[Stored data entries]
<<<<
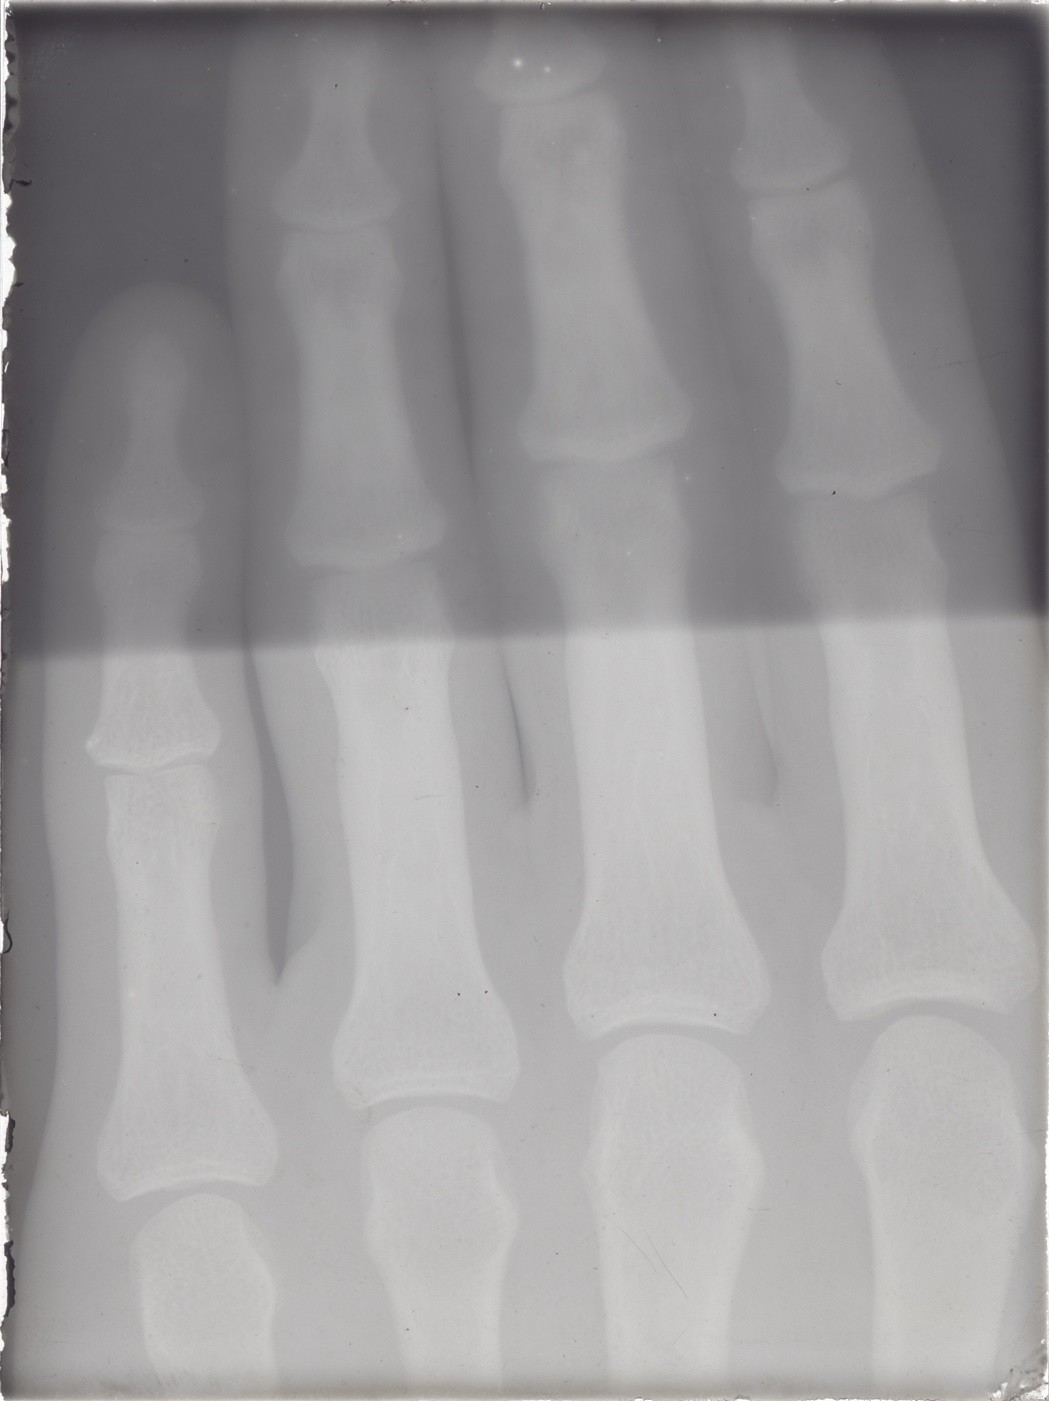 Versuch: Röntgenaufnahme einer Hand (Mai-Juli 1896), 86358 gp (Deutsches Röntgen-Museum CC BY-NC-SA)
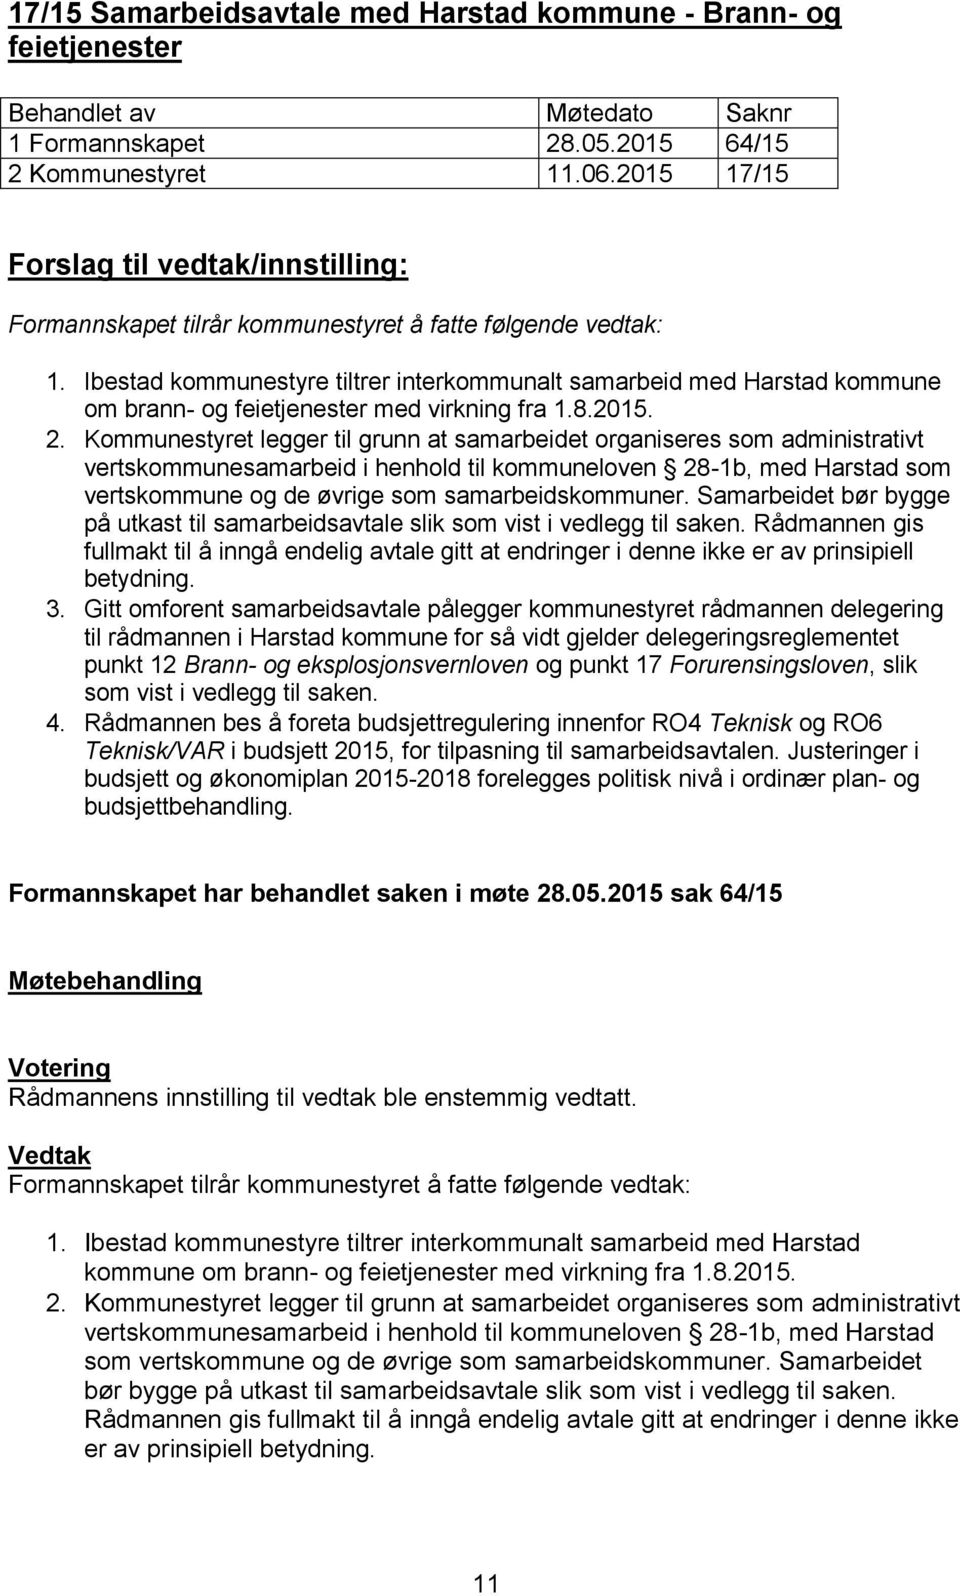 Kommunestyret legger til grunn at samarbeidet organiseres som administrativt vertskommunesamarbeid i henhold til kommuneloven 28-1b, med Harstad som vertskommune og de øvrige som samarbeidskommuner.
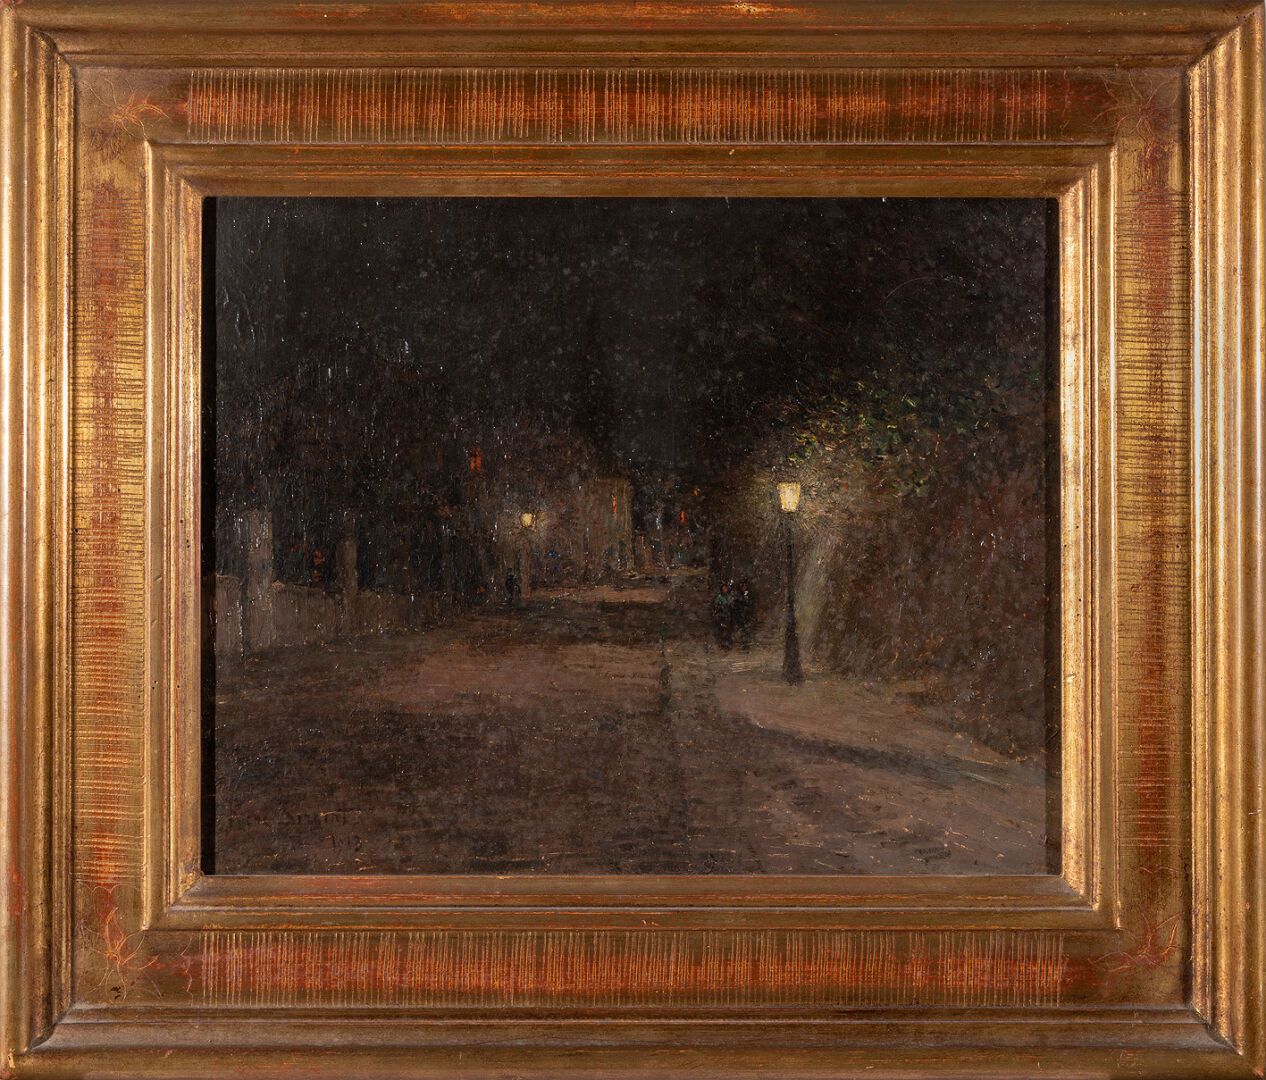 Null 勒内-谢尔盖 (1865-1927)

蒙马特的阿布鲁瓦街的景色。夜间的影响

布面油画，左下角有签名，日期为1913年，背面有会签、位置和日期

4&hellip;
>>>>
» **Prompt**
Keep every word of the records exact as you write them out, but drop the pictures.

» **Answer area**
 Versuch: Röntgenaufnahme einer Hand (Mai-Juli 1896), 86358 gp (Deutsches Röntgen-Museum CC BY-NC-SA)
 Kommunestyret legger til grunn at samarbeidet organiseres som administrativt vertskommunesamarbeid i henhold til kommuneloven 28-1b, med Harstad som vertskommune og de øvrige som samarbeidskommuner.
 Null 勒内-谢尔盖 (1865-1927)

蒙马特的阿布鲁瓦街的景色。夜间的影响

布面油画，左下角有签名，日期为1913年，背面有会签、位置和日期

4&hellip;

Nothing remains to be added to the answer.